Living the Dream is the fourth solo album by guitarist Slash and the third to feature Myles Kennedy and the Conspirators. It was released on September 21, 2018, on Slash's own record label Snakepit Records. The album was produced by Michael Baskette, who also produced the previous record World on Fire.

Background and recording
After reuniting with Guns N' Roses in 2016, the possibility of a third record for Slash and Myles Kennedy and the Conspirators was in question, let alone if they would stay together. Slash stated in multiple interviews, including on Eddie Trunk's show, that he would like to make the next album as he is always writing riffs, and had some written already but had to find time on the Guns N' Roses tour; the record was completed on the tour.

He later appeared a second time on Trunk's podcast to talk further on an array of subjects including travel, doing press, and the new record, which he started jamming in 2015 and picked back up in 2017.

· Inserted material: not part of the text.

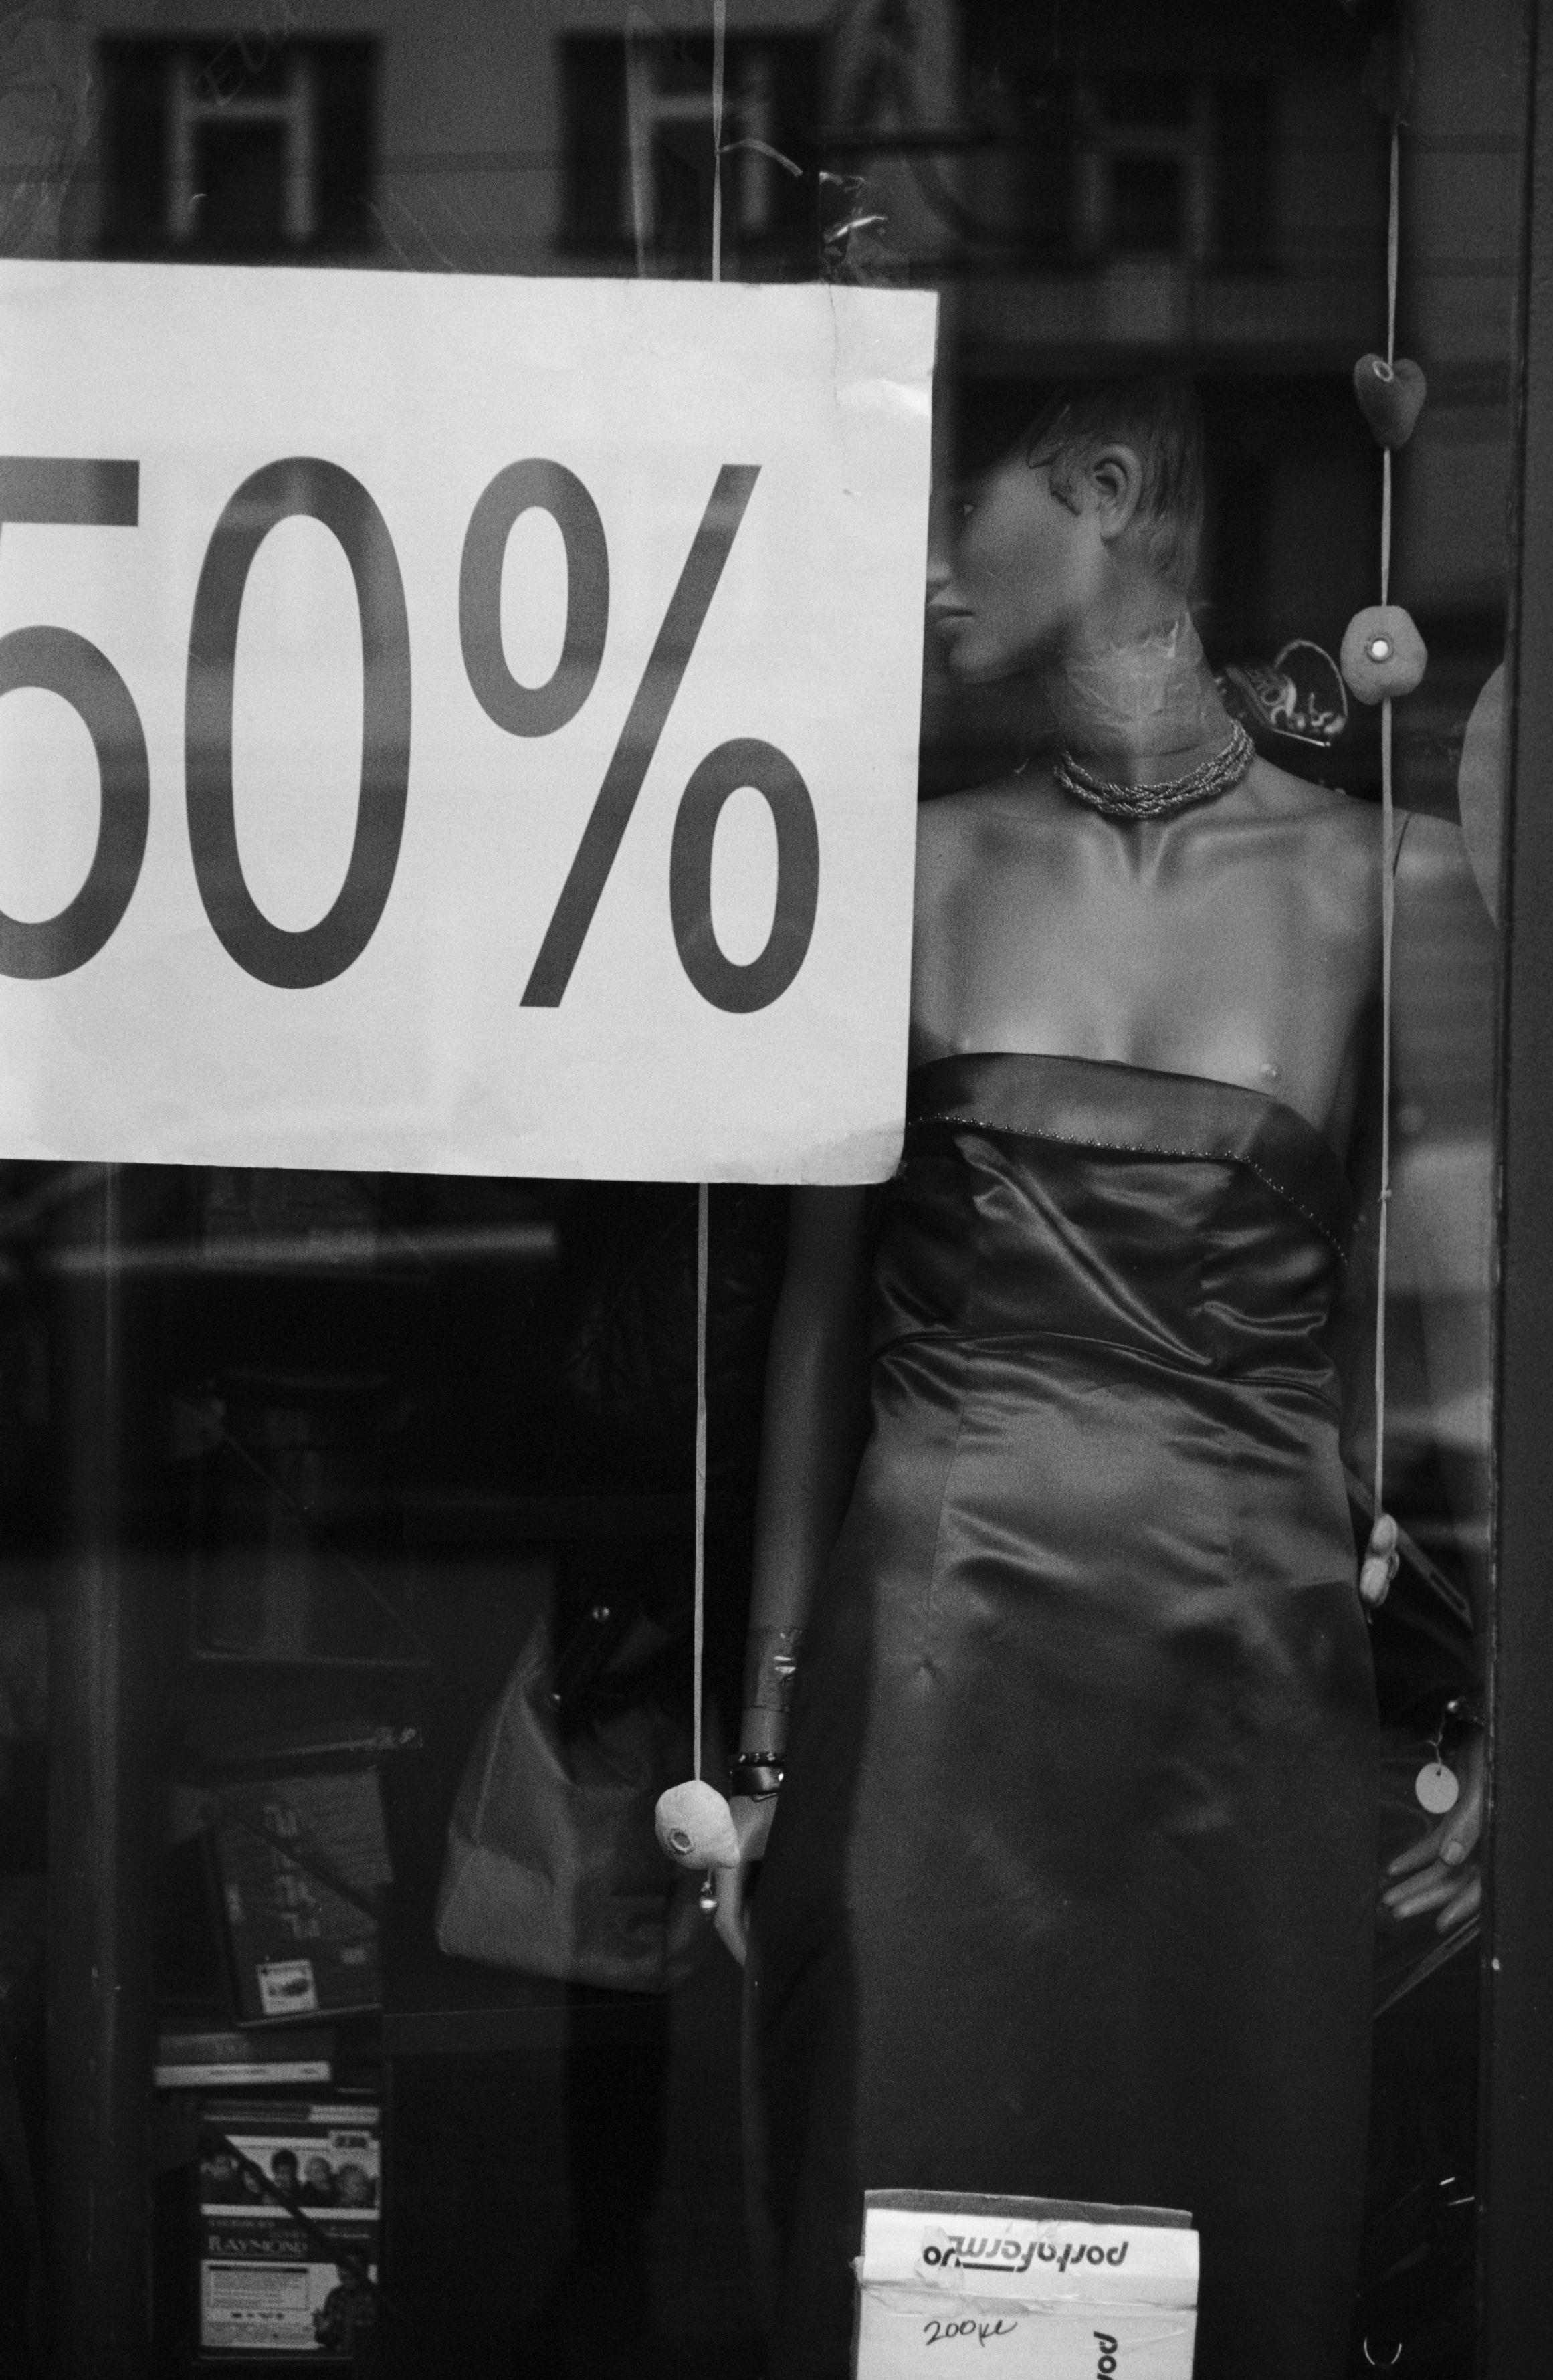 Dress shop, Prague 6

Some thought the album title Living the Dream was in reference to Slash "living the dream", but Slash clarified: "Well, you know, the album title is actually meant to be a sarcastic statement about the world we're living in at the moment [...] it was just something that came to mind—this tongue-in-cheek thing directed at social political events across the globe."

Reception
Living the Dream has received mostly positive reviews from online and magazine sources. According to AllMusic, it is the first positive review to receive three and a half stars out of five stars stating, "This is the sound of a working band locking in on their groove." The album sold around 20,000 copies in its first week and debuted at No. 27 on the Billboard 200.

Music and lyrics
This was the first record in which Frank Sidoris played rhythm guitar—on Apocalyptic Love Myles Kennedy played rhythm guitar and on World on Fire Slash played all guitars. Slash on the dynamic of the band: "It's been an amazing ride so far; as a band we continue to get better, which is great. With the addition of Frank [Sidoris on guitar] since the World on Fire tour, I feel we have hit a creative stride." It is also the first recorded digitally because tape recording has become expensive.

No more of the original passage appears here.